Brief: Make a word-for-word copy of the entries below from their first line through the line with "良良 多功能婴儿睡袋3元优惠券", and add nothing.

Exercise materials:

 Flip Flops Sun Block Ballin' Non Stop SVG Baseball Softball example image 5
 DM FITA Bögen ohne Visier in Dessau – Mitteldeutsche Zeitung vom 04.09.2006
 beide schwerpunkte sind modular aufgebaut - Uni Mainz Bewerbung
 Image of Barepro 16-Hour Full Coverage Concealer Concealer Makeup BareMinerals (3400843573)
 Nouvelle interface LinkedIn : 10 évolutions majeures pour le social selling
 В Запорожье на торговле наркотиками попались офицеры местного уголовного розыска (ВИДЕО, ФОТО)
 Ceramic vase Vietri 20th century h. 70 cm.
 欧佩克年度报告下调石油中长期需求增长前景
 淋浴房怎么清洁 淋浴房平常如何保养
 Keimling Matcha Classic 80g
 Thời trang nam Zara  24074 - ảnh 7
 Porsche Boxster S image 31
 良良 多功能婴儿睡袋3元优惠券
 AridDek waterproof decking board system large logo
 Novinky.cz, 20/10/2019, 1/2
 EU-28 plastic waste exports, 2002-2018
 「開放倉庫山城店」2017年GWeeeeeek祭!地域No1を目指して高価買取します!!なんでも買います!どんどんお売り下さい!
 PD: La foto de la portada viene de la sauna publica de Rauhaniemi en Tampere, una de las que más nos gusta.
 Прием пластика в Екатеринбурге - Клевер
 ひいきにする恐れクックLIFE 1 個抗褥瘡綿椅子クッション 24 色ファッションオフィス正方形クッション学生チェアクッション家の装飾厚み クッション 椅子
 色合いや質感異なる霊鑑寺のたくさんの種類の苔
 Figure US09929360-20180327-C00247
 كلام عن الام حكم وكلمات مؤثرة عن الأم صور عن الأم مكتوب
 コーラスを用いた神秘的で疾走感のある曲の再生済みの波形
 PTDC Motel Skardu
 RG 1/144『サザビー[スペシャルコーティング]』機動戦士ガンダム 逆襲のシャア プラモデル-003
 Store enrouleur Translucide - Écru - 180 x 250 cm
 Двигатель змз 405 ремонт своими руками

Output of the task:
 Flip Flops Sun Block Ballin' Non Stop SVG Baseball Softball example image 5
 DM FITA Bögen ohne Visier in Dessau – Mitteldeutsche Zeitung vom 04.09.2006
 beide schwerpunkte sind modular aufgebaut - Uni Mainz Bewerbung
 Image of Barepro 16-Hour Full Coverage Concealer Concealer Makeup BareMinerals (3400843573)
 Nouvelle interface LinkedIn : 10 évolutions majeures pour le social selling
 В Запорожье на торговле наркотиками попались офицеры местного уголовного розыска (ВИДЕО, ФОТО)
 Ceramic vase Vietri 20th century h. 70 cm.
 欧佩克年度报告下调石油中长期需求增长前景
 淋浴房怎么清洁 淋浴房平常如何保养
 Keimling Matcha Classic 80g
 Thời trang nam Zara  24074 - ảnh 7
 Porsche Boxster S image 31
 良良 多功能婴儿睡袋3元优惠券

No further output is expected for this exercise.